According to an example embodiment of the present disclosure, there is provided an Automatic Repeat Request (ARQ) status message for communication by a receiver entity in a 5G communication network. The ARQ status message comprising: an ARQ Status packet comprising a bit sequence to be received at receiver entity. The bit sequence further comprising: a Data/Control Bit (D/C) denoting the control bit for the Packet Data Unit (PDU; a Control PDU Type (CPT) denoting a frame format (CPT-000 or CPT-001) with which the status report is sent; a START_SN denoting a sequence of the received PDU from which the status report starts; an ACK_SN denoting a sequence of the received PDU until the status report is prepared; and a status report prepared for transmission by the receiver entity based on the compilation of the reception status of one or more bits from the plurality of threads to a lower layer.
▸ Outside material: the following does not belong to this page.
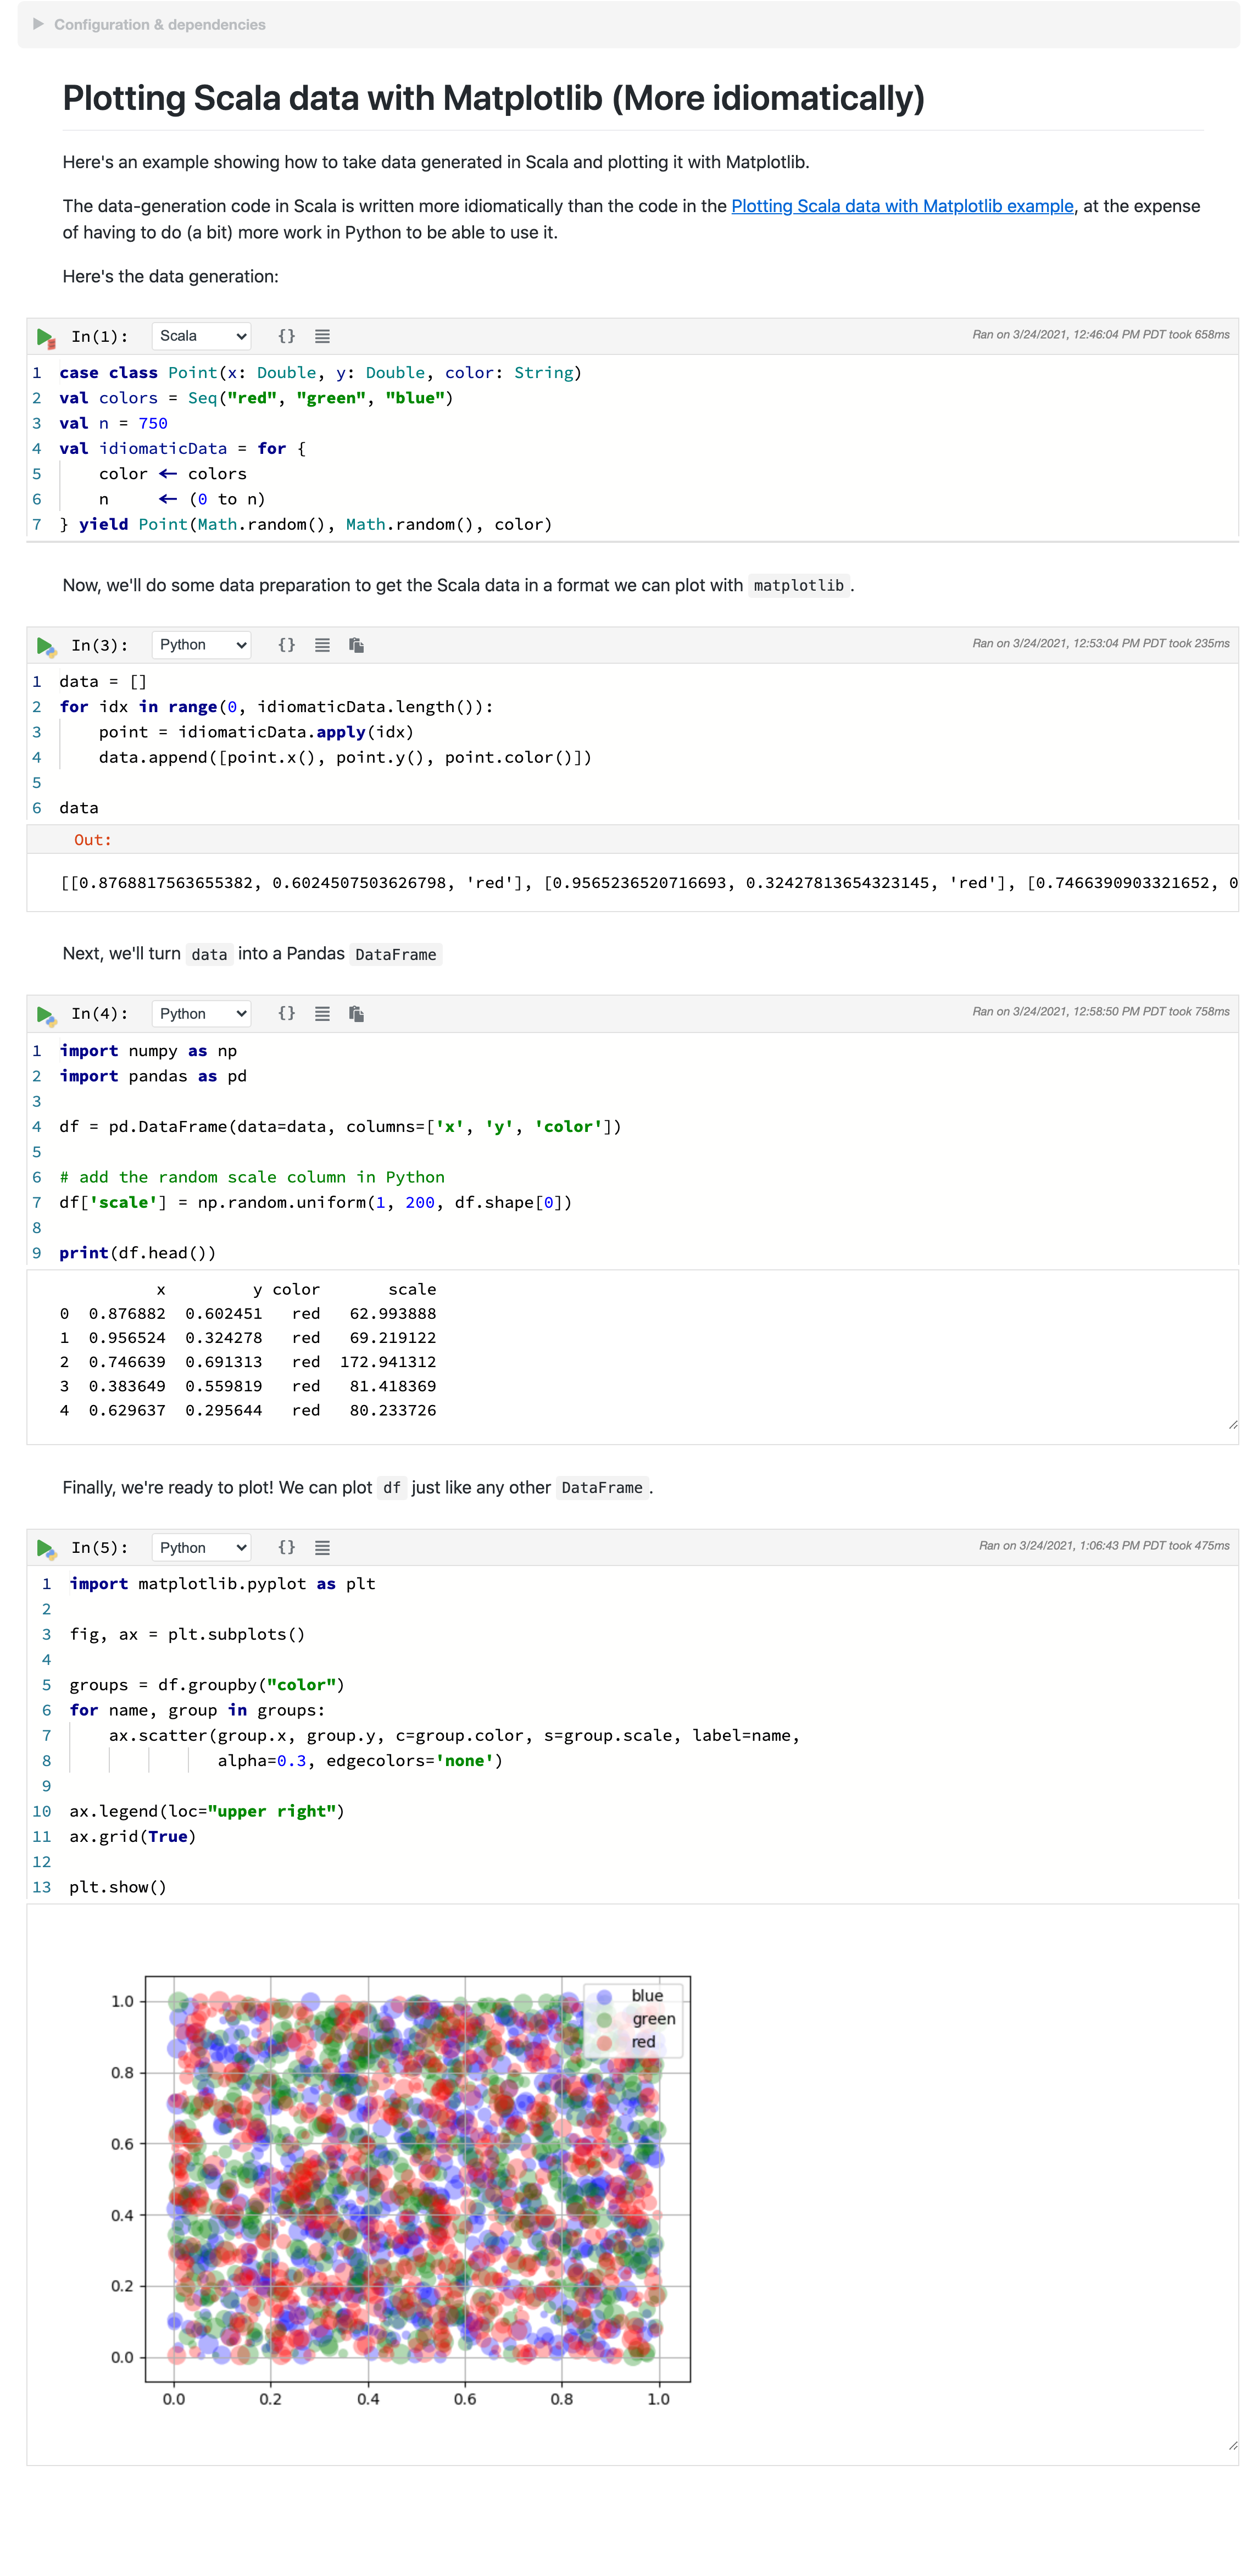 Plotting Scala data with matplotlib through Python, idiomatically

To further clarify the advantages and features of the present disclosure, a more particular description of the disclosure will be rendered by reference to various example embodiments thereof, which are illustrated in the appended drawings. It is appreciated that these drawings depict example embodiments of the disclosure and are therefore not to be considered limiting of its scope. The present disclosure will be described and explained with additional specificity and detail with the accompanying drawings.
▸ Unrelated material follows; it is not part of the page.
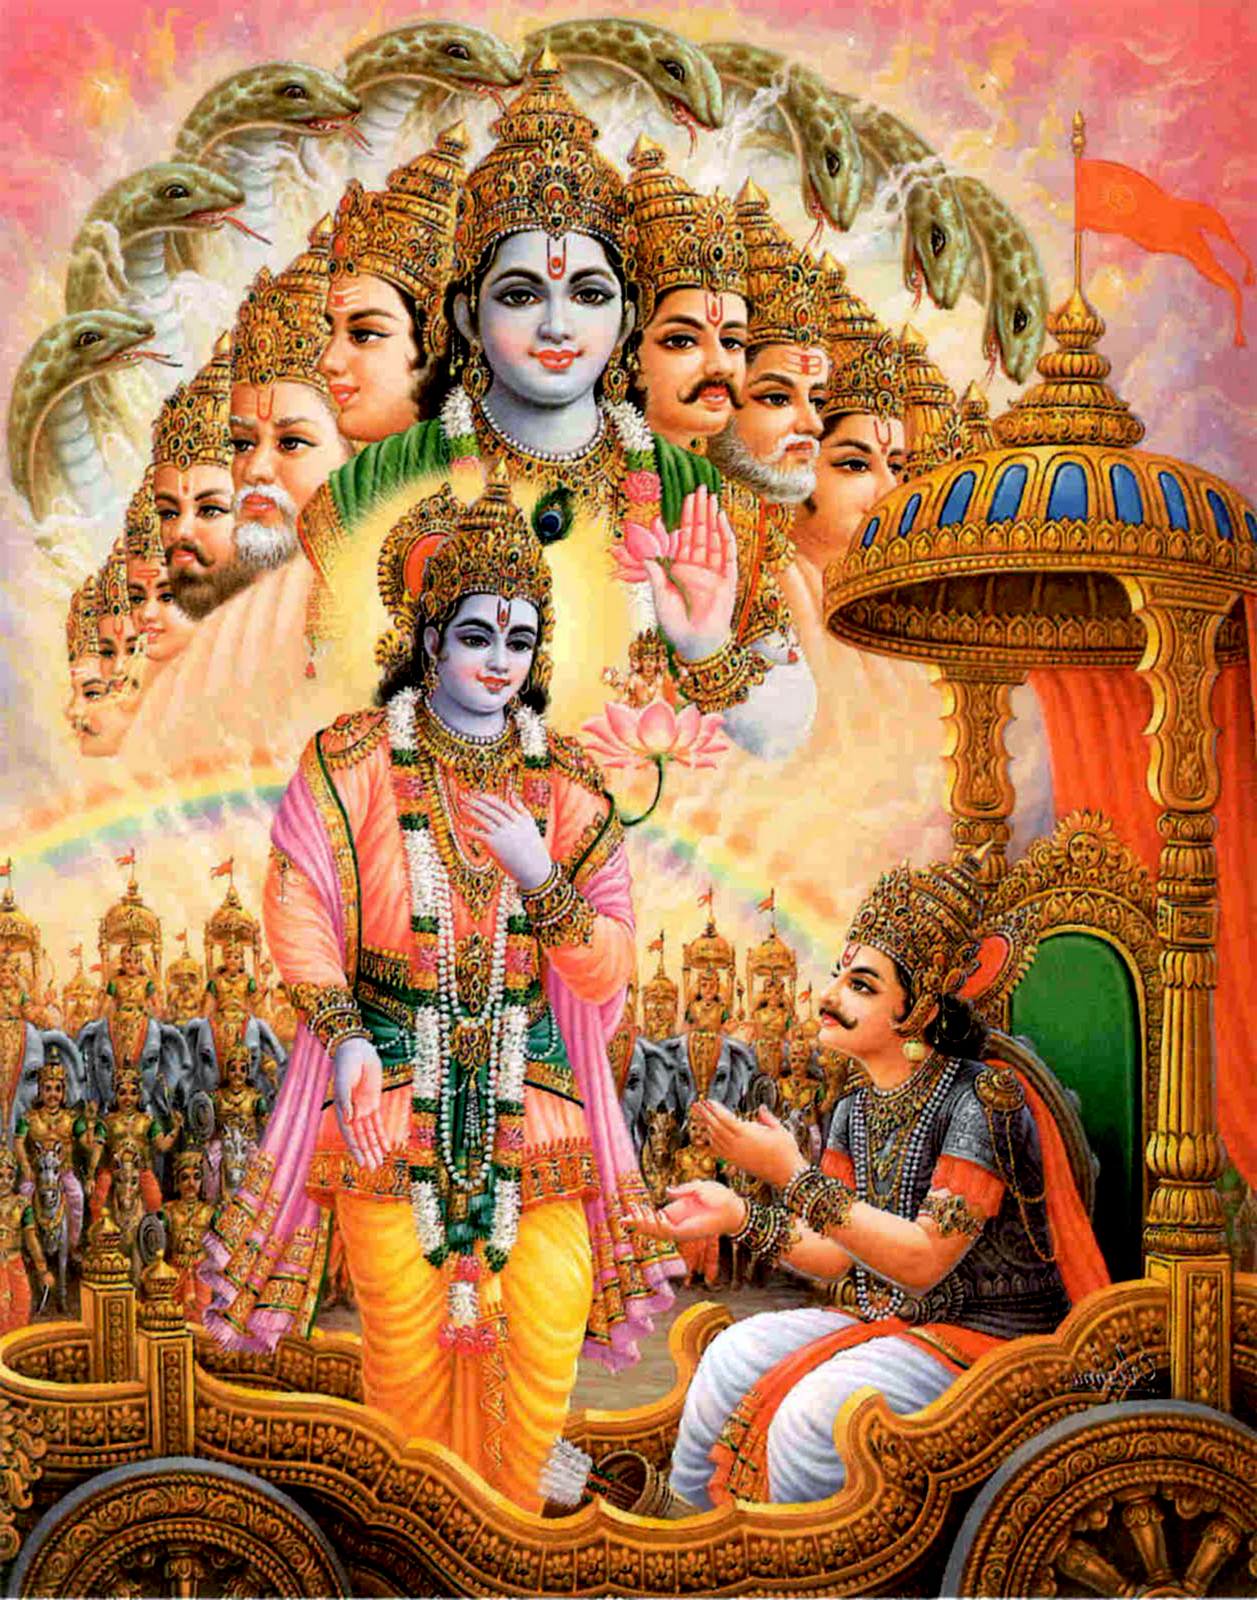 Krishna Wallpaper Hd For Mobile Free Download

It will be understood by those skilled in the art that the foregoing general description and the following detailed description are explanatory of the disclosure and are not intended to be restrictive thereof.

Reference throughout this disclosure to “an aspect”, “another aspect” or similar language may refer, for example, to a particular feature, structure, or characteristic described in connection with the embodiment being included in at least one embodiment of the present disclosure.
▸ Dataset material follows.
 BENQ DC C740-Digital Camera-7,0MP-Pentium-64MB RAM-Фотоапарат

The phrase “in an embodiment”, “in another embodiment” and similar language throughout this disclosure may, but do not necessarily, all refer to the same embodiment.

The terms “comprises”, “comprising”, or any other variations thereof, are intended to cover a non-exclusive inclusion, such that a process or method that comprises a list of steps does not include only those steps but may include other steps not expressly listed or inherent to such process or method. Similarly, one or more system or unit or sub-systems or elements or structures or components proceeded by “comprises . . . a” does not, without more constraints, preclude the existence of other elements or device or other sub-systems or other elements or other structures or other components or additional sub-systems or additional elements or additional structures or additional components.

Unless otherwise defined, all technical and scientific terms used herein have the same meaning as commonly understood by one of ordinary skilled in the art to which this disclosure belongs. The apparatus, method, and examples provided herein are illustrative and not intended to be limiting.

As discussed in the preceding description, due to an increase in number of parallel cores the performance of the system may deteriorate due to locks and synchronization among the parallel cores. Only one thread can acquire hold a lock at any given time and all the other threads have to wait for the lock to be released by the owner. This wait leads to waste of the CPU processing cycles. The present disclosure relates broadly to techniques for efficiently preparing multiple Status Reports in parallel threads, without the use of locks and saving the processing cycles, for any receiver design by providing an alternate Status Report Control PDU Type (CPT) Type=001 and further introducing a field START_SN in the Status Report structure to indicate the valid range for the smaller Status Report segment.

The present disclosure further provides a mechanism to transmit a Status Report in case received grants are not sufficient to transmit a complete Status Report and it requires to be truncated; the remaining Status Report which could not be sent out before, may be sent with the presented format in subsequent grants.

The present disclosure further provides a Status Report which enables duplicate detection for Status Report reception which increases reliability for the same.

is a flowchart illustrating an example method of reporting Automatic Repeat Request (ARQ) status in a communication system, according to various embodiments.

In an embodiment, there is provided a method of reporting ARQ status in a communication system by a receiver entity.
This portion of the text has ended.